Helen Stage – Named after Helen of Troy, this stage is the awakening of personal attractiveness, autonomy and power.  Here, her identity will shift from, “I belong!” to “I affect!”  This identity is still strongly tied to how one is perceived.

Mary Stage - Inspired by the Virgin Mary, this stage of feminine identity corresponds with sublimating personal desire with acts of service, moral purpose and higher calling.  It is the spiritualized feminine. 

Sophia Stage – Sophia means “Wisdom” in Greek.  In Jungian archetypal symbolism, she is divine feminine consciousness.  She is not naïve, seductive or self-sacrificing.  She is inwardly grounded, self-knowing and self-actualizing. She does not split her sexuality from her spirituality. She does not abandon herself to secure love. She does not weaponize independence. She can desire without needing.

These aren’t ladders we climb and leave behind. They’re lenses. We move in and out of them depending on love, loss, ambition, motherhood, heartbreak, healing.

I’ve been contemplating where I fall on this unofficial map.  I don’t know that I am fully in my Sophia identity. I still feel the pull of Eve’s longing, Helen’s sparkle, Mary’s devotion. They haven’t disappeared. They’ve just grown quieter. What feels different is that I can see them now. I can choose when they speak.

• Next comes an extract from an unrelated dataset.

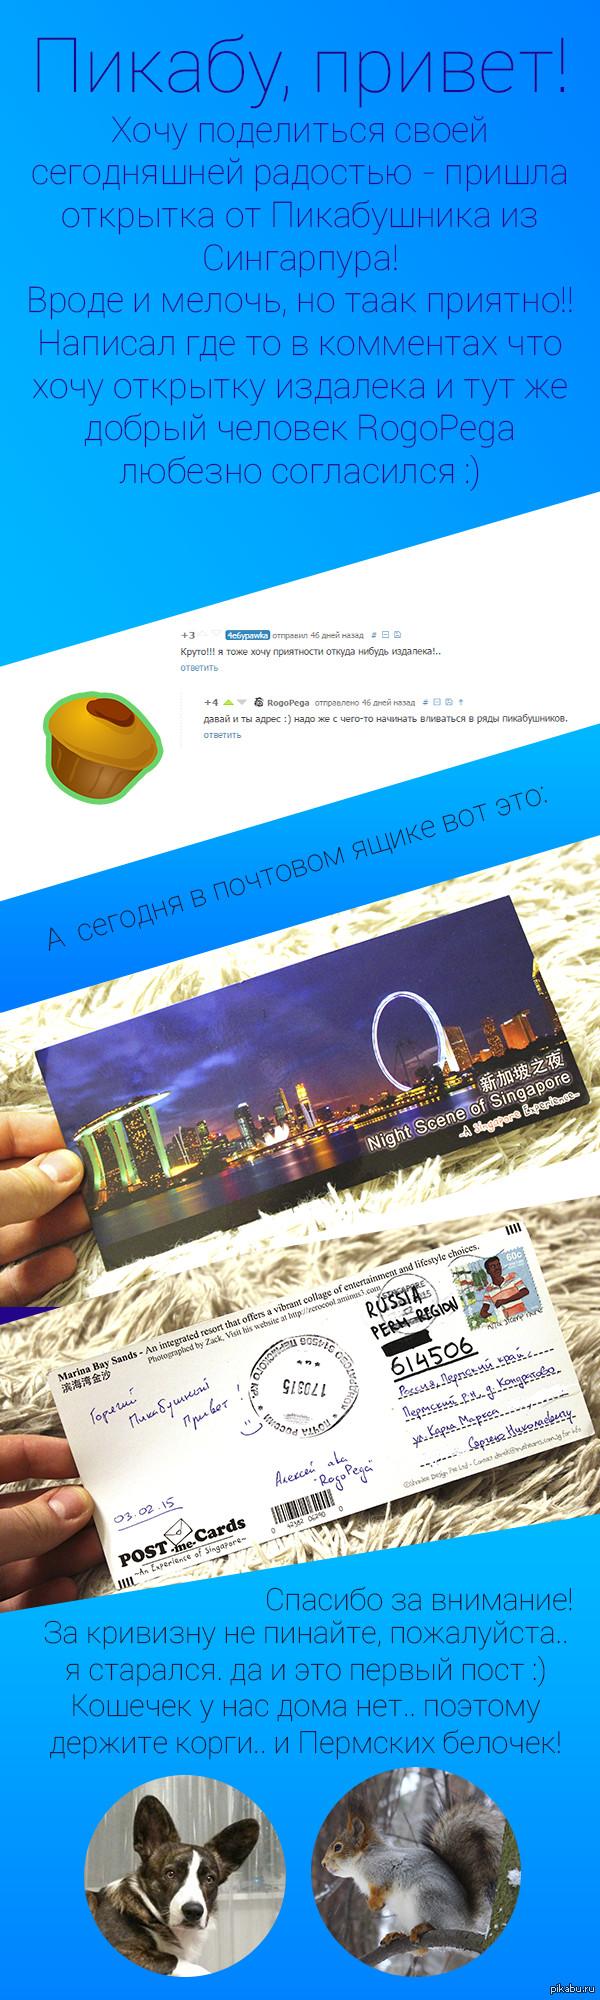 Поздравлением, отправить открытку из сингапура

If Eve is “I belong to someone,”
and Helen is “I am desired,”
and Mary is “I serve something higher,”
Sophia is “I know who I am.”

Where am I today?

It’s been interesting to lay these over the top of my life thus far and see how I have moved in and out of Eve, Helen and Mary at various times. 

Here’s some truth… When I set the intentions that I plan to live my life by this year, I had no desperation. What I truly wanted for myself this year was to experience this life, fully, knowing that I don’t “need” anyone… Just to enjoy the beauty of myself.  To love myself unconditionally.  To know that I am held in this life through love by others and that love has a funny way of finding me… new and old stories… family and friends… Mostly, my mission was to define my identity on my own.  Not tied to a single soul. Allowing myself to understand that love is an underlying current in my life took the pressure off and has allowed me to calm my nervous system, moving forward in confidence.

So when someone asks me, “What do you do?”  My heart beats slow, but hard in my chest (you can feel it,)  as I say “I am an elementary school art teacher and mother to four glorious babies.”  But my identity is more than that today.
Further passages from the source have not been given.